-- INPUT --
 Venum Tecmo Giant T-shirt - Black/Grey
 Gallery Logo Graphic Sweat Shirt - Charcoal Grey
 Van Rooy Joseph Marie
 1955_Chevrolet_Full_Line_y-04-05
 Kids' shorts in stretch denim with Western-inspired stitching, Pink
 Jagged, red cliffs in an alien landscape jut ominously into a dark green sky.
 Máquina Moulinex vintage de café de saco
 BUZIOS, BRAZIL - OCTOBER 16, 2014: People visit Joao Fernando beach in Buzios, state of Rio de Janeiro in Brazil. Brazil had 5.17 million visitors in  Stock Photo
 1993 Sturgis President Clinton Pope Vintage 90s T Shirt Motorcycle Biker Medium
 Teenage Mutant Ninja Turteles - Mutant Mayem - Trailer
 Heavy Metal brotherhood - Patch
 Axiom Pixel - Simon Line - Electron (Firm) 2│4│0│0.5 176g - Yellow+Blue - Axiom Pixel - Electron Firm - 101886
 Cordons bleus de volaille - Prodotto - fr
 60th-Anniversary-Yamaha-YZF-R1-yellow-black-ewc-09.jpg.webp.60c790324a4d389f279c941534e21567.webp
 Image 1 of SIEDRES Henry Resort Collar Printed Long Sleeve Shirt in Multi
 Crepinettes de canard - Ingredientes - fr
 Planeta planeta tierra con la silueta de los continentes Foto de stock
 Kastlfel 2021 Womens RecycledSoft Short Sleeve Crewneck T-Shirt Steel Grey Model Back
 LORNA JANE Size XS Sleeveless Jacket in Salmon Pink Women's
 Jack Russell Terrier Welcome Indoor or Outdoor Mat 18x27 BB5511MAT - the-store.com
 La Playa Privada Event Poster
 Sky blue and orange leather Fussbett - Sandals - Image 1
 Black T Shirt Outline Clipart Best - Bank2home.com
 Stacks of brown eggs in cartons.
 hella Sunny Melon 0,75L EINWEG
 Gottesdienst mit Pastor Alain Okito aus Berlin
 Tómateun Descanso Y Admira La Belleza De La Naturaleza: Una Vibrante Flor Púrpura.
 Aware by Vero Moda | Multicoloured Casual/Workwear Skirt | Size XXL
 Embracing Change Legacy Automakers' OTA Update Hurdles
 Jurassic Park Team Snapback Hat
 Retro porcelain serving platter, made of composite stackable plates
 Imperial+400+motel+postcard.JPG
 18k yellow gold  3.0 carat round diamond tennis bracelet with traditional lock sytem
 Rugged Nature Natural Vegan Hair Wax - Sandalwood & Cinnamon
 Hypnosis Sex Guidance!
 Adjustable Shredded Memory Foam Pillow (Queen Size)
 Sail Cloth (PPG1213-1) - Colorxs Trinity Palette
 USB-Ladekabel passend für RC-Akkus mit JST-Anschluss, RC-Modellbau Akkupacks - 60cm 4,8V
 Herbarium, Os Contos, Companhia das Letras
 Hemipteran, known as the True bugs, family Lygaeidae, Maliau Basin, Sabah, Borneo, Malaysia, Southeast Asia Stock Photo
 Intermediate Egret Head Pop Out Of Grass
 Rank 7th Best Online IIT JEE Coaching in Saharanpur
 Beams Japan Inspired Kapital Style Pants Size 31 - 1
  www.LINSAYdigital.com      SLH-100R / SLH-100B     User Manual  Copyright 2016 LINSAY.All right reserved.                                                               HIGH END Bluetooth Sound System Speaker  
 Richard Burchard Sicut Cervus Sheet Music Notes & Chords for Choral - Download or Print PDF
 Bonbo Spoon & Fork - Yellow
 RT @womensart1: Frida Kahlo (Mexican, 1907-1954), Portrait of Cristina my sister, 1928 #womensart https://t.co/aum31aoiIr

-- WHAT THE EXERCISE ASKS --
From the records above, print exactly the lines that run from the line with "Heavy Metal brotherhood - Patch" to the line with "Tómateun Descanso Y", inclusive.

-- EXERCISE RESPONSE --
 Heavy Metal brotherhood - Patch
 Axiom Pixel - Simon Line - Electron (Firm) 2│4│0│0.5 176g - Yellow+Blue - Axiom Pixel - Electron Firm - 101886
 Cordons bleus de volaille - Prodotto - fr
 60th-Anniversary-Yamaha-YZF-R1-yellow-black-ewc-09.jpg.webp.60c790324a4d389f279c941534e21567.webp
 Image 1 of SIEDRES Henry Resort Collar Printed Long Sleeve Shirt in Multi
 Crepinettes de canard - Ingredientes - fr
 Planeta planeta tierra con la silueta de los continentes Foto de stock
 Kastlfel 2021 Womens RecycledSoft Short Sleeve Crewneck T-Shirt Steel Grey Model Back
 LORNA JANE Size XS Sleeveless Jacket in Salmon Pink Women's
 Jack Russell Terrier Welcome Indoor or Outdoor Mat 18x27 BB5511MAT - the-store.com
 La Playa Privada Event Poster
 Sky blue and orange leather Fussbett - Sandals - Image 1
 Black T Shirt Outline Clipart Best - Bank2home.com
 Stacks of brown eggs in cartons.
 hella Sunny Melon 0,75L EINWEG
 Gottesdienst mit Pastor Alain Okito aus Berlin
 Tómateun Descanso Y Admira La Belleza De La Naturaleza: Una Vibrante Flor Púrpura.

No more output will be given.